If Alice has credence levels of 50:50:ϵ:ϵ and Bob has 40:20:20:20 and the correct answer is A then Bob will get a higher score than Alice despite her putting more of her probability mass on the correct answer.
Do you consider this a price worth paying to reward having particular ratios between credences?
[....is at the expense of rewarding knowledge of the correct answer.]
Hmm… I’m not sure that Alice has really more knowledge than Bob in your example.
[EDIT : In fact, in your example, for the quadratic scoring rule, the score of 50:50:$\epsilon:\epsilon$ is better than the score of 40:20:20:20 since $12/25 < 1/2 + 2\epsilon^2$, so that we can indeed say that Alice has more knowledge than Bob after this rule. The following example is, IMHO, more interesting. /EDIT].
Let me propose an other perspective with the following two answers for propositions A:B:C:D :
1) 50:50:0:0
2) 50:25:25:0,
where the correct answer is 100:0:0:0.
In this case, 2) has a better score than 1).
What does 1) know ? That D and C are false.
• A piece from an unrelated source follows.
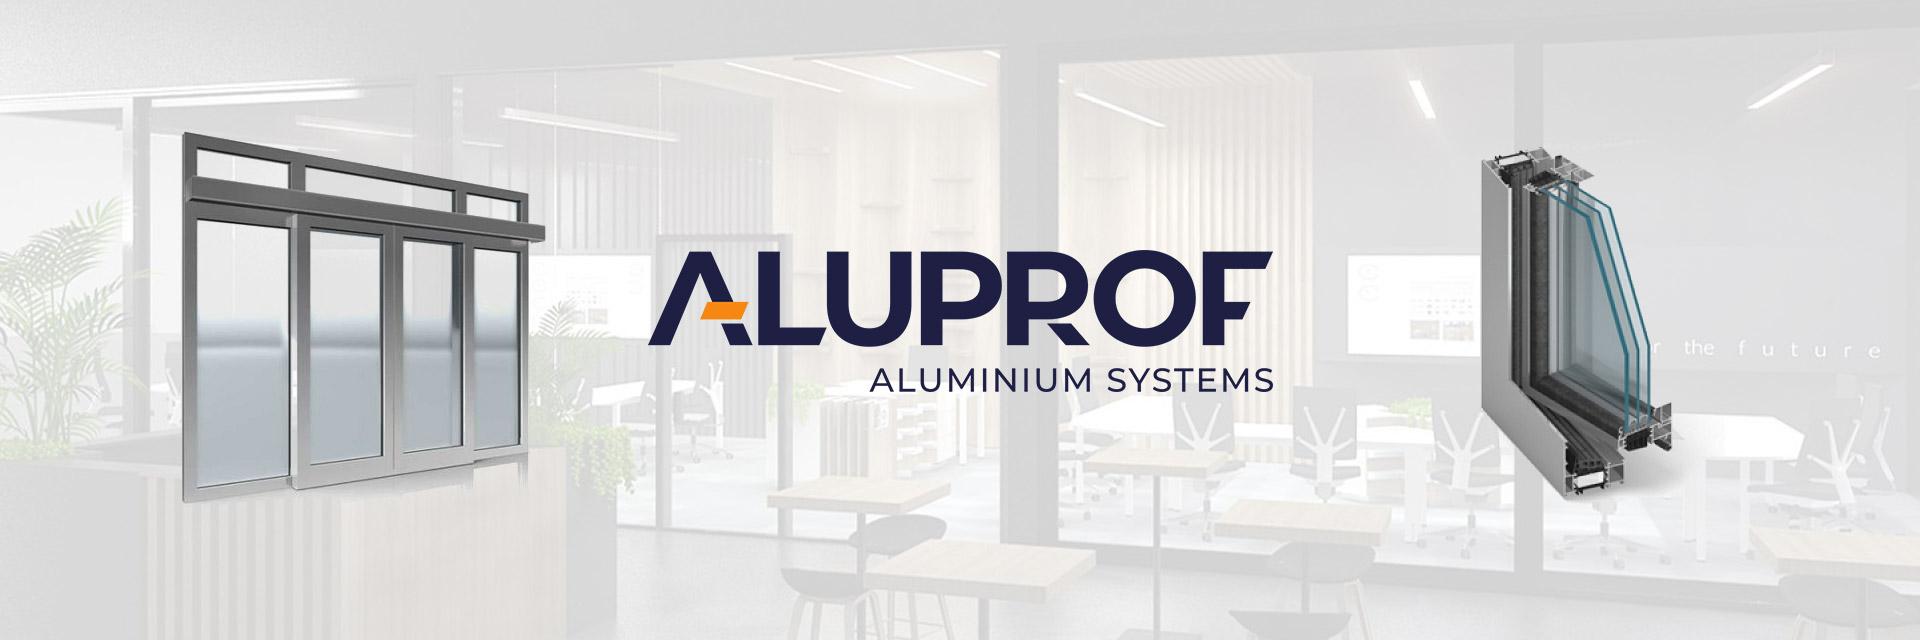 aluprof_slide_alfe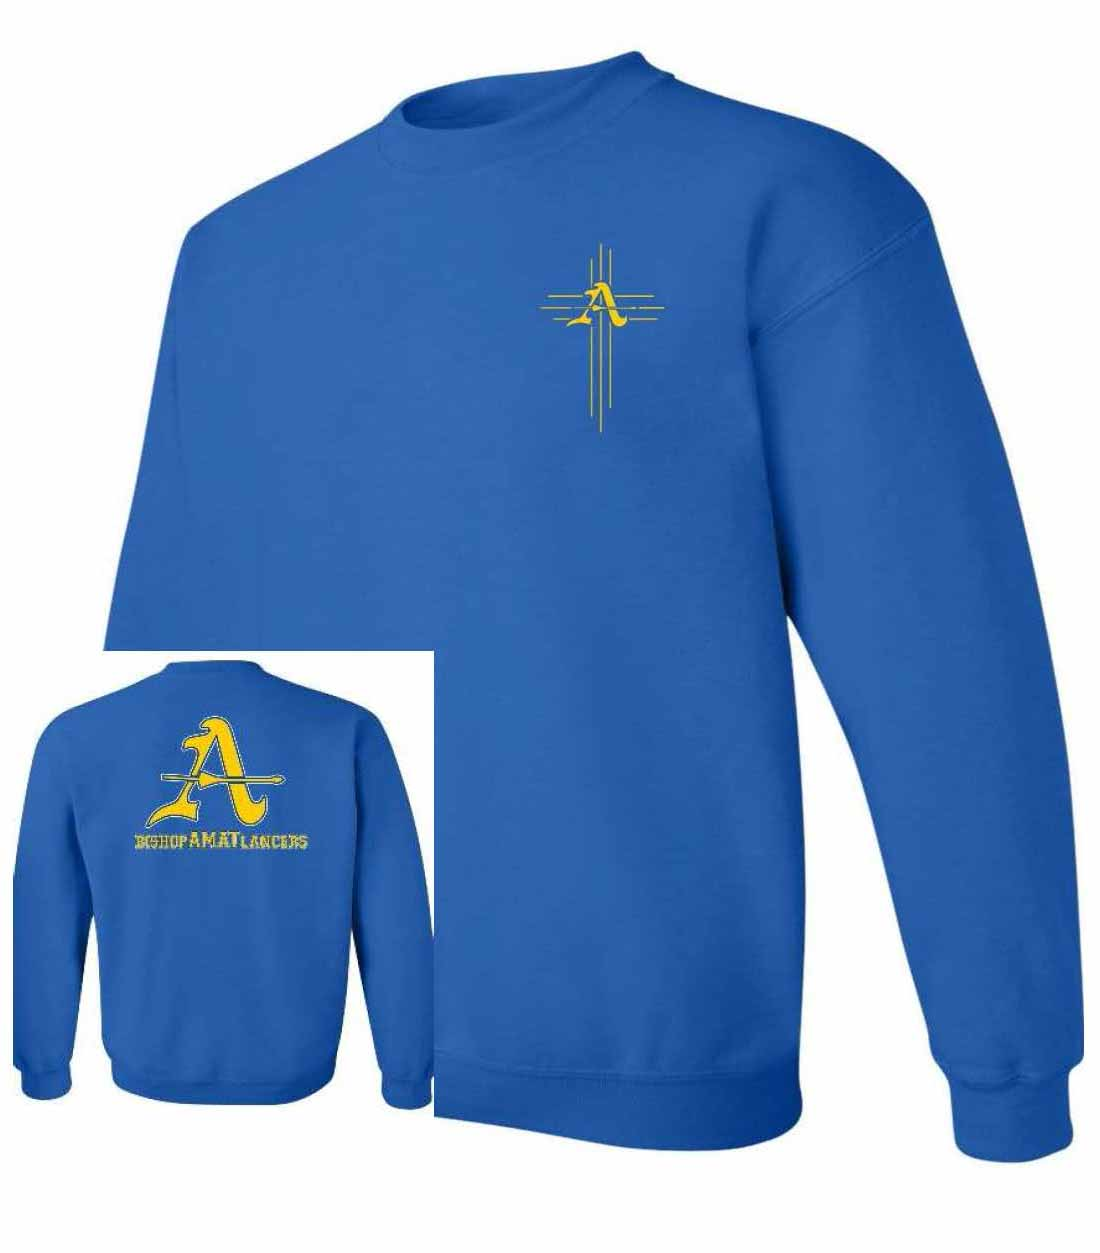 Blue Crew Sweatshirt

He knows nothing for A and B.
What does 2) know ? That D is false. That C is not very probable. He does not know for A, like 1). But he does know moreover that B is probably not the right answer.
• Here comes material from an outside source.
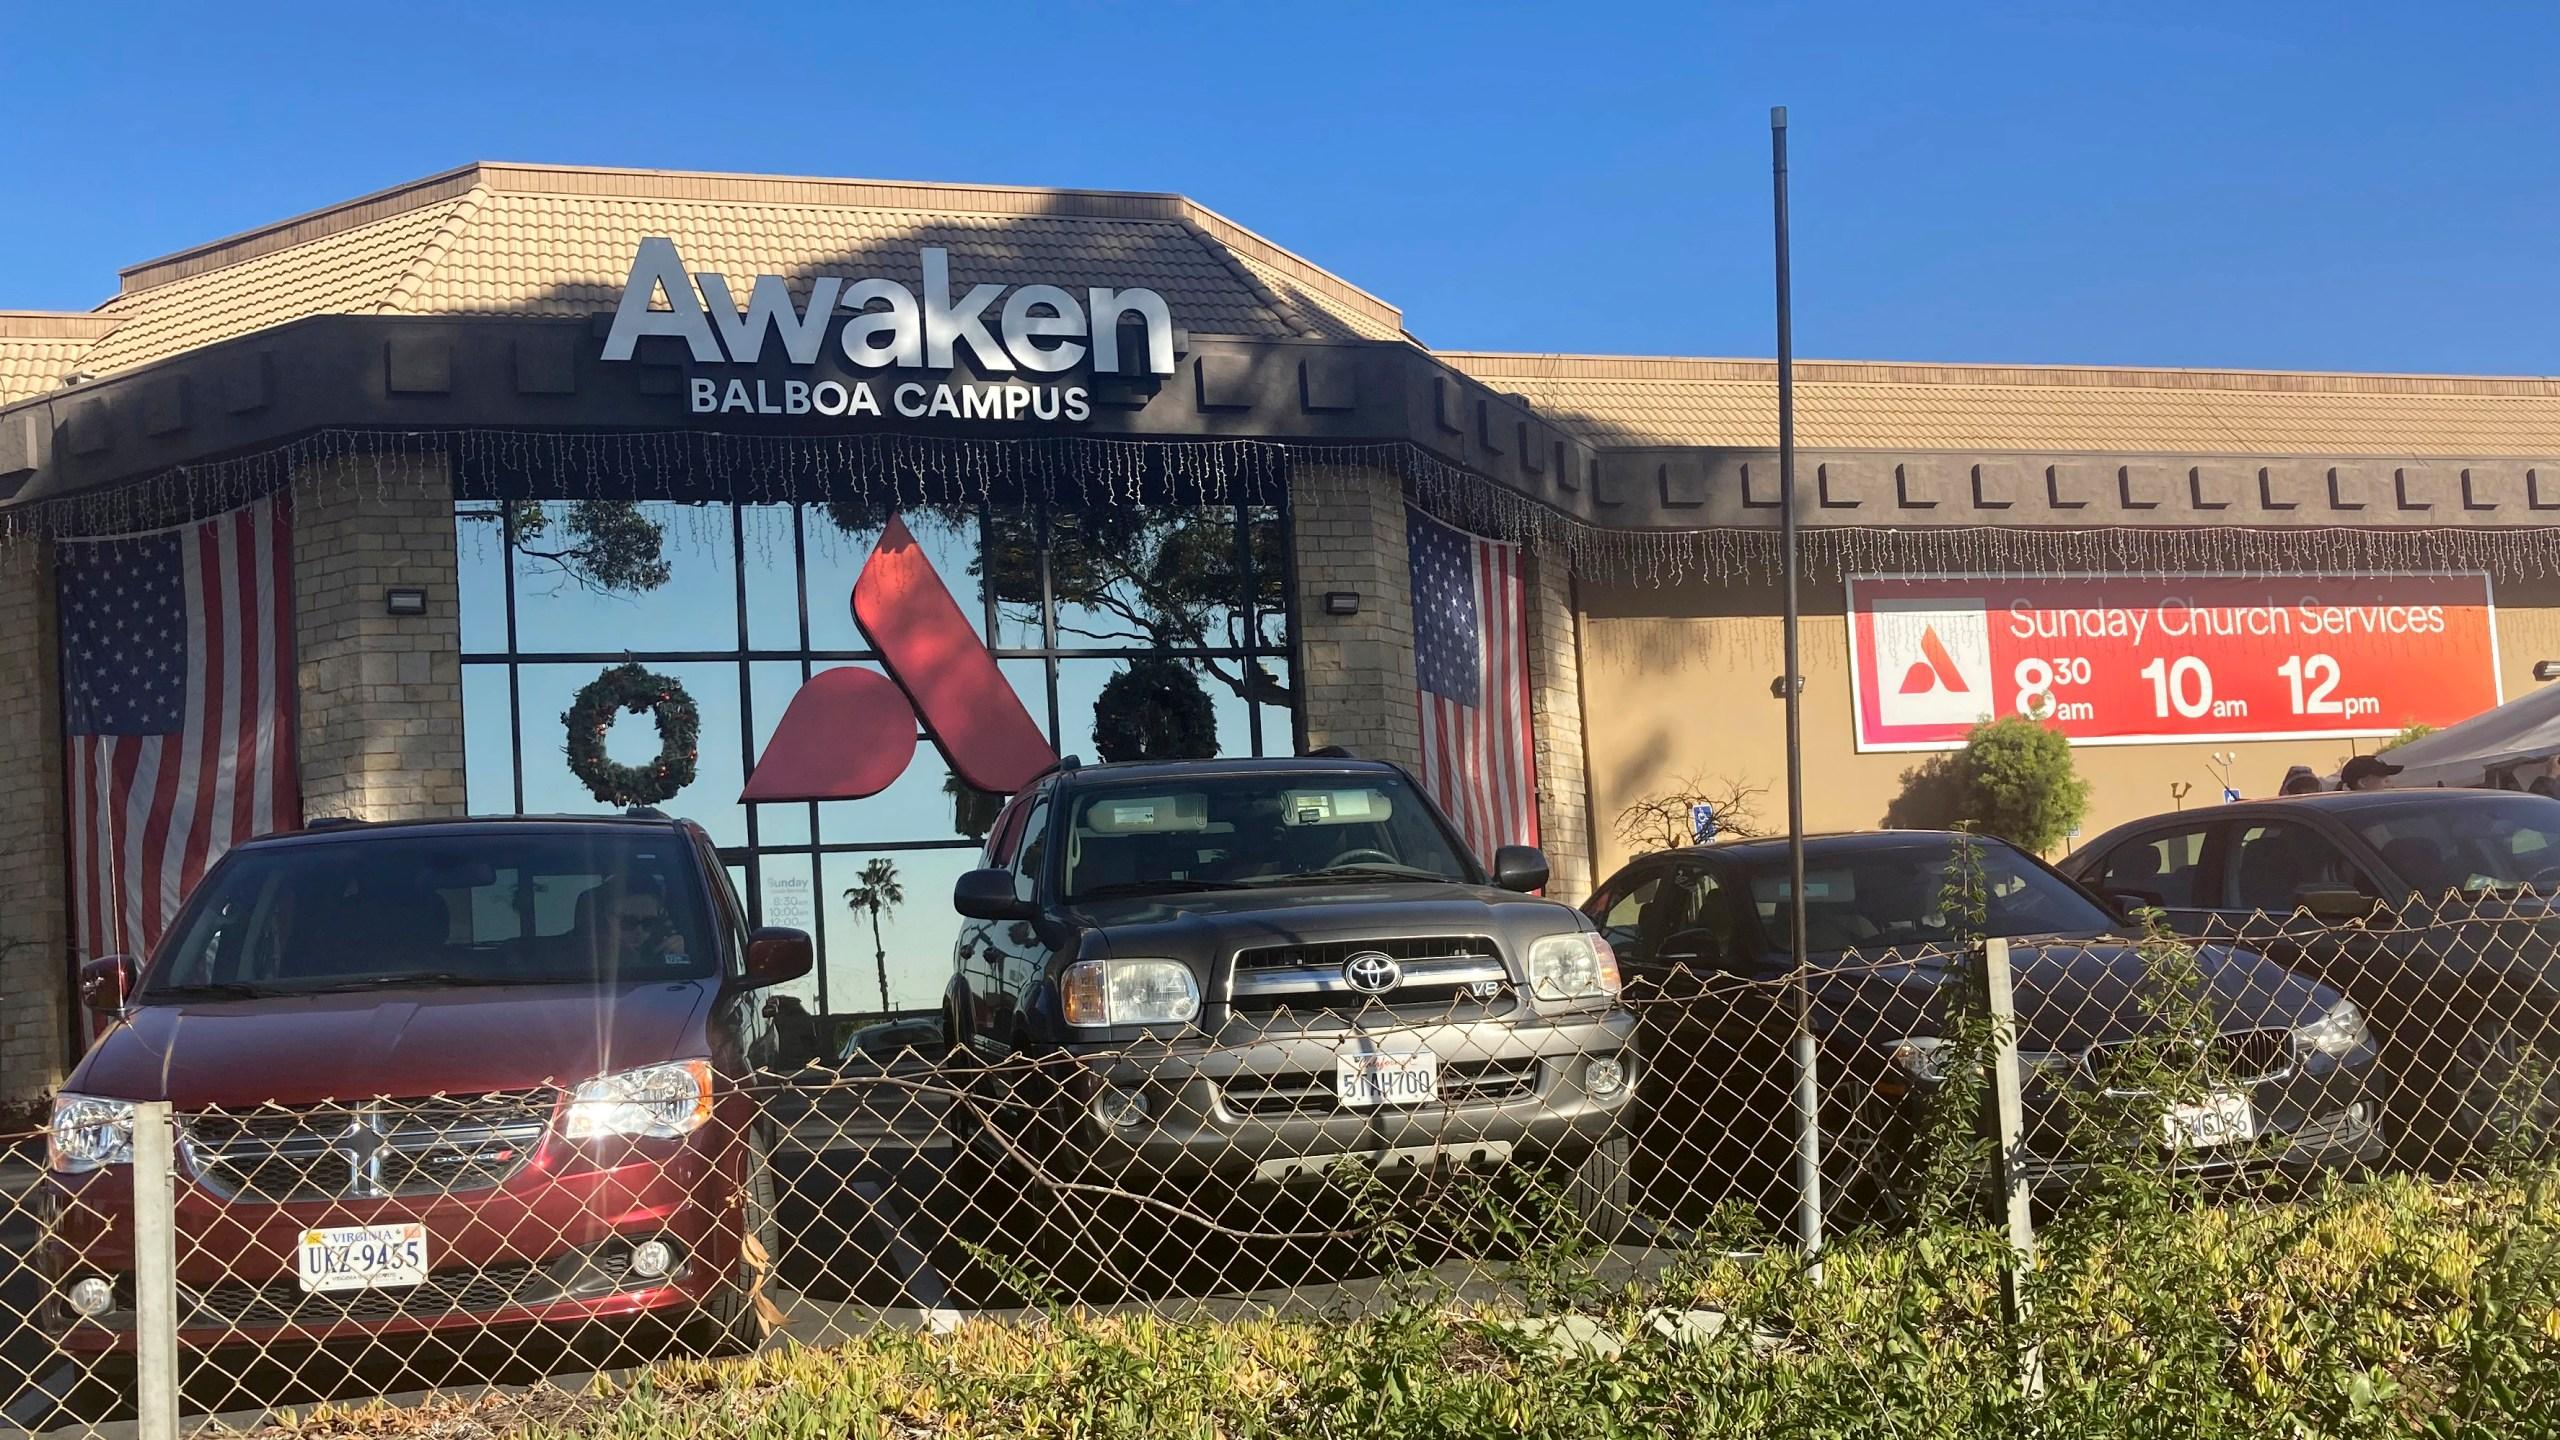 Awaken Church is seen on Dec. 3, 2020, in San Diego. (AP Photo/Elliot Spagat)

Suppose that 3) is someone who knows that D and C are false, and also knows that B is probably not the right answer (i.e., 3 has the knowledge of both 1 and 2). Then 3) could have given the answer 3a) 75:25:0:0, or the answer 3b) 62,5:37,5:0:0. These two answers score better than 1) and 2).
(Note that knowing that D and C are false and that B is probably not the right answer influence your knowledge about A.)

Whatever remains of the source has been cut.